Binxing FANG
方滨兴




About the author
Binxing Fang is an expert in cybersecurity and an academician of the Chinese Academy of Engineering. He is the honorary director of the National Computer Network and Information Security Management Center, which sits directly under the Ministry of Industry and Information Technology. At Guangzhou University he is the Director of the Network Security Technology National Engineering Laboratory and the honorary president of the Institute of Advanced Cyberspace Technology. He is known as the "father of China's firewall", and is author of Cyberspace Sovereignty: Reflections on building a community of common future in cyberspace.


关于作者 方滨兴,网络空间安全专家,中国工程院院士。2007年至2013年担任北京邮电大学校长,国家计算机网络与信息安全管理中心名誉主任,广州大学网络空间先进技术研究院名誉院长。他的著作《论网络空间主权》在2017年由北京科学出版社出版。






The following excerpts are translated from Fang’s Artificial Intelligence Safety and Security1 (人工智能安全) (2020). We think the chapters most relevant to existential risks from AI are Chapters 6 (AI-derived safety problems), 7 (AI Actants2), 8 (Safety Hoops for AI Actants), 9 (Safety Evaluation and Detection for AI Actants), and 12 (Looking to the Future of AI Safety). We precede each excerpt with our own bolded summary of the key point and provide section references in brackets after each excerpt.

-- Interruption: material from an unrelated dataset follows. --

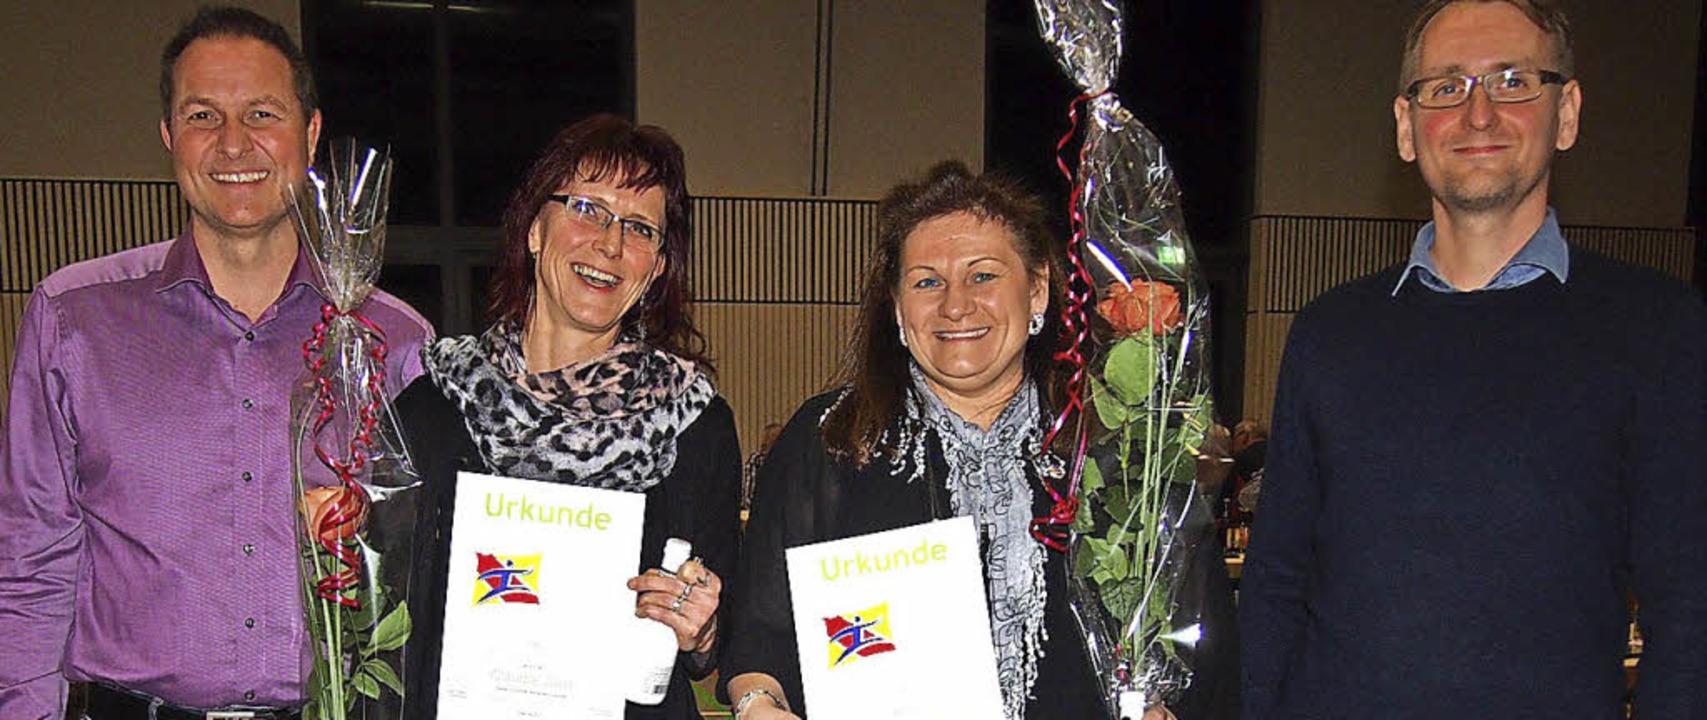 20 Jahre beim TV Hägelberg: Claudia Wü...(rechts) und Marcel Grüterich geehrt.   | Foto: Gabriele Poppen

Cite Our TranslationConcordia AI. “Binxing Fang — Chinese Perspectives on AI Safety.” Chineseperspectives.ai, 29 Mar. 2024, chineseperspectives.ai/Binxing-Fang.


Cite This Work
方滨兴(2020). 人工智能安全. 电子工业出版社.






Selected excerpts

Intelligent weapons may seriously threaten human survival:


"In terms of the possible risks brought by the machine itself, intelligent weapons present the risk of operational errors. In theory, the higher the degree of intelligence of the weapon, the more complex the software controlling its intelligent behavior is, and the higher the probability of failure and errors…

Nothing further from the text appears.